最終色 未来に灯る色
語り終えて、彼はニコリと笑う。
もう、その笑顔もほとんど見えない。
「もうしばらくはここにいるから、今日みたいに不安になって、どうしようもなくなったら、また来い」
優しく言う彼が、完全に消える。
そこにはもう何もない。投げた帽子も、彼の笑顔も。
私は涙を拭いて、彼を安心させるために叫んだ。
届くかわからない。でも届くと信じて、私は自分の気持ちを声に出す。
「わ、私、正直今もどうすればいいかわからない。だけど、やってみる。生きてみるよ。やりたいこと、やり尽くす!絶対、後悔しないように生きる!」
強い風が吹いた。

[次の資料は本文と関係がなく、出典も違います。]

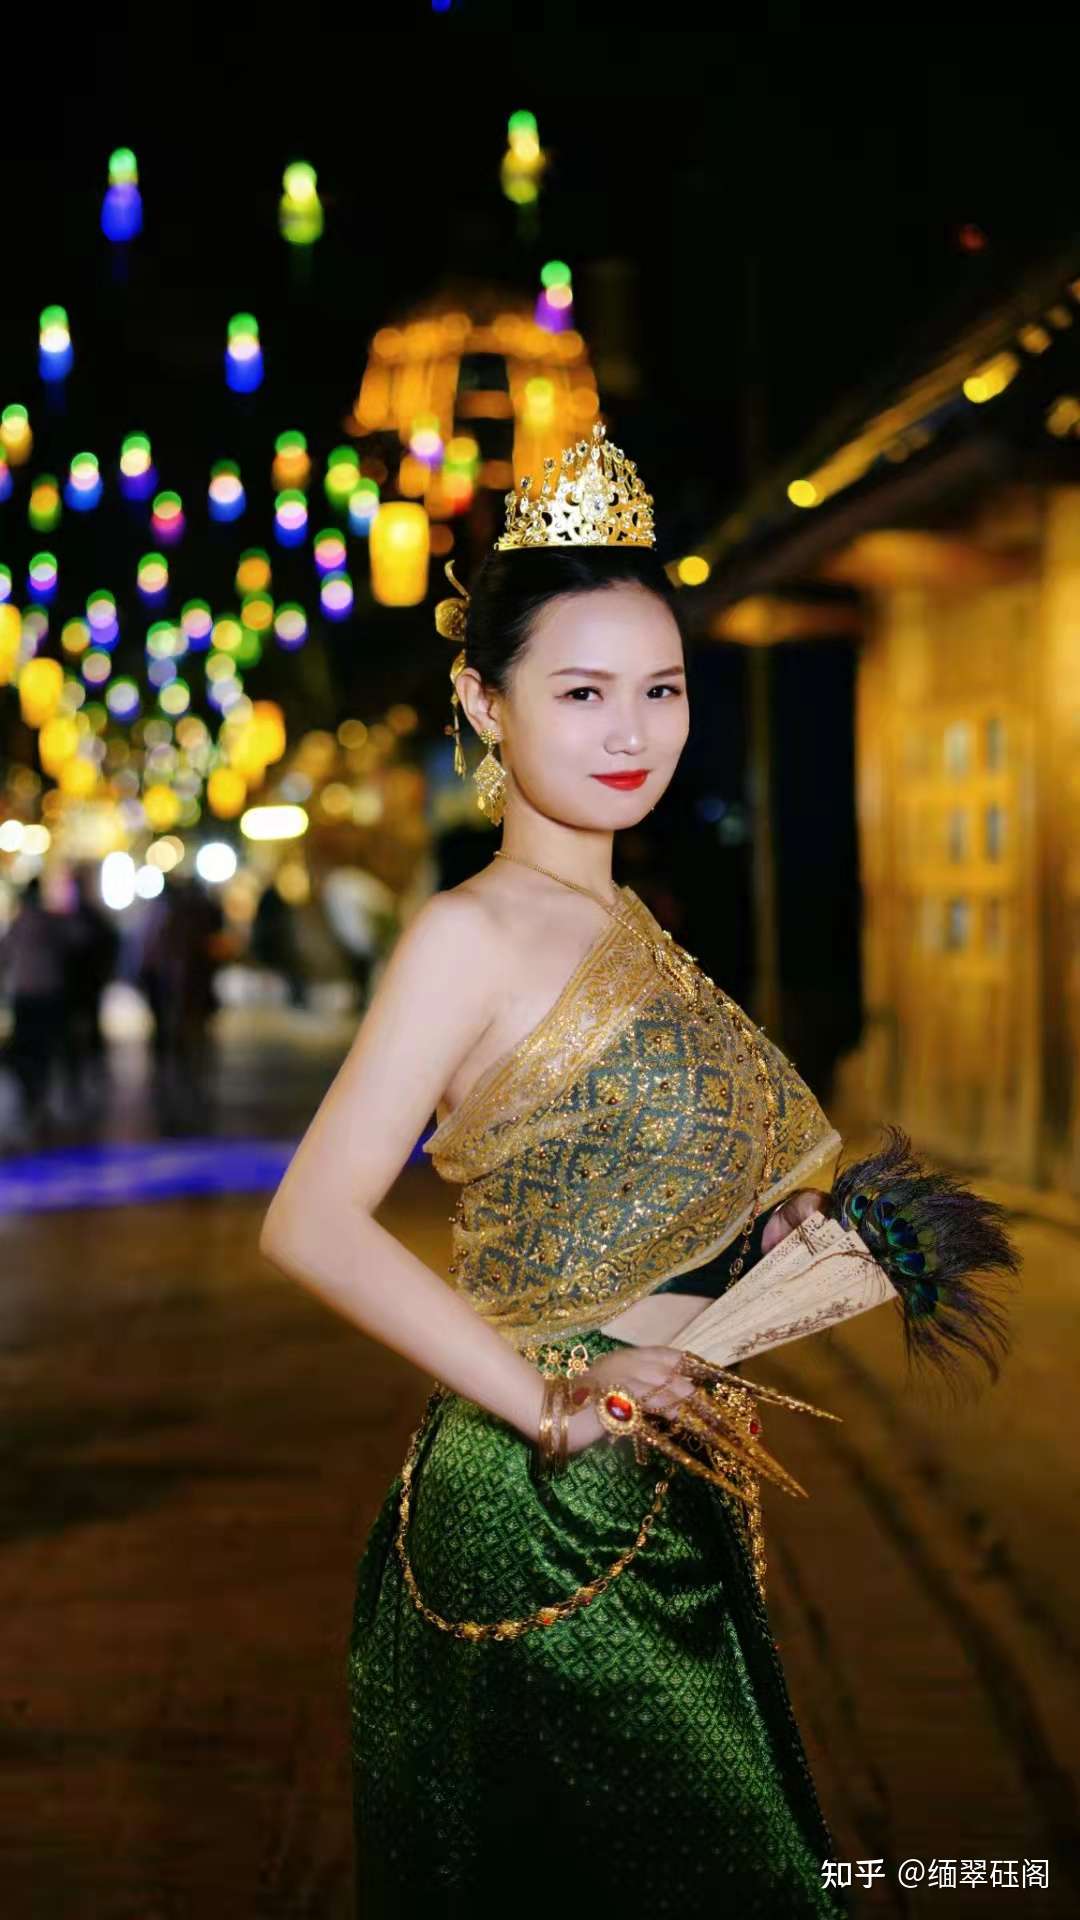 缅翠砡阁 的想法: 缅甸美女 
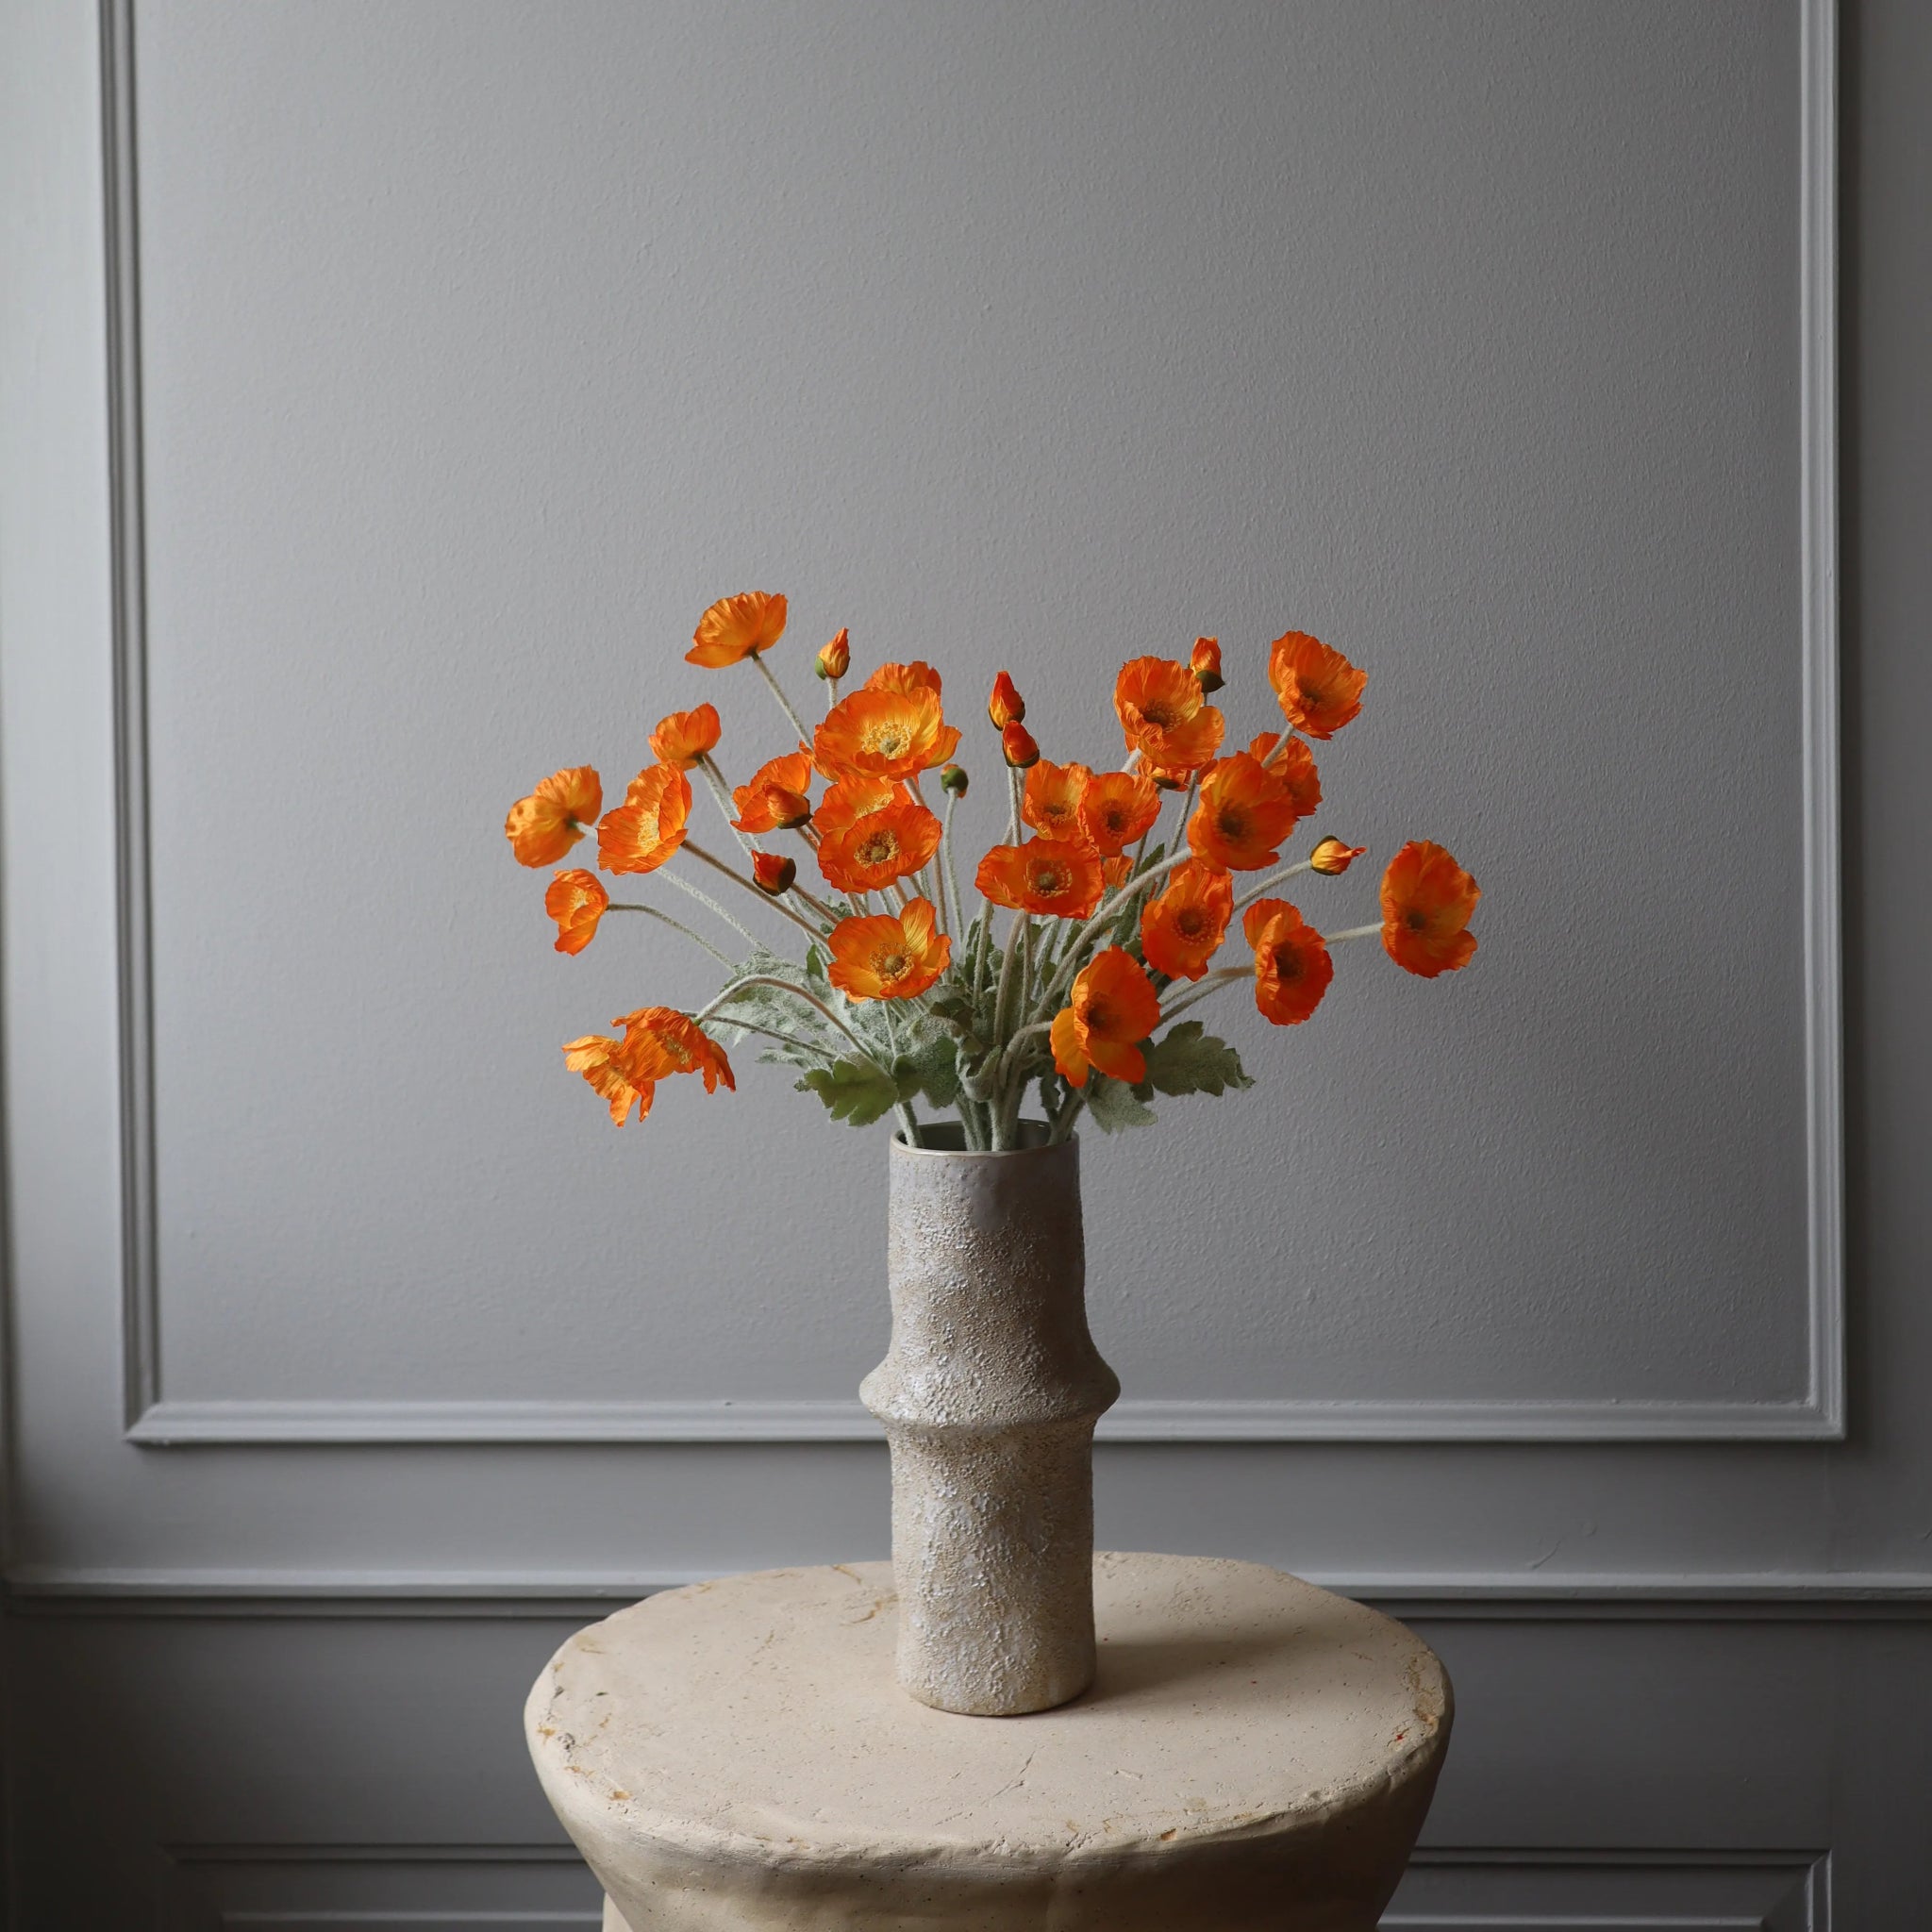 Poppy Flower in Light Orange from Botané

思わず目を閉じる。
「頑張れよ」
風に乗って、彼の言葉が聞こえた気がした。
♢♢♢
先ほどまで会話を交わしていた彼が、消えた。
私に希望を与えてくれた人が、消えた。
試しに手を前に出してみたが、右手はむなしく空を切った。
私は思わず頷いた。
もう、彼がいないことを、とても寂しく感じた。
「ここにいるよ」
頭上から、かすかに声が聞こえた。
バッと空を見る。
そこには、無数の星が輝いていた。
私は長い時間、空に浮かぶ無数の輝きたちを眺めた。
それから前を向き、歩き始める。
前へ、進む。
もう、迷いなんて微塵もなかった。
♢♢♢
登ってきたときよりも軽く感じる扉を、そっと引いた。
そこで思い止まり、一度扉を閉じて、私は体ごと振り向く。
「ありがとうございました」
私は深々と頭を下げ、感謝を口にした。
寂しさから溢れる涙を拭い、顔を上げる。
彼がどこかで、ニコリと笑った気がした。
それからもう一度ノブに手をかけ、扉を開く。
♢♢♢
階段を降りる足取りは、少しだけ軽かった。
私は深く息を吸う。とても、すっきりしていた。
これからも、世界がモノクロのように感じることがあるかもしれない。
でも、必ずいつかは、色が灯っていく。
私の歩く先に、まだ見ぬ美しい景色が待っている。
そう思えただけで、生きていくには十分だった。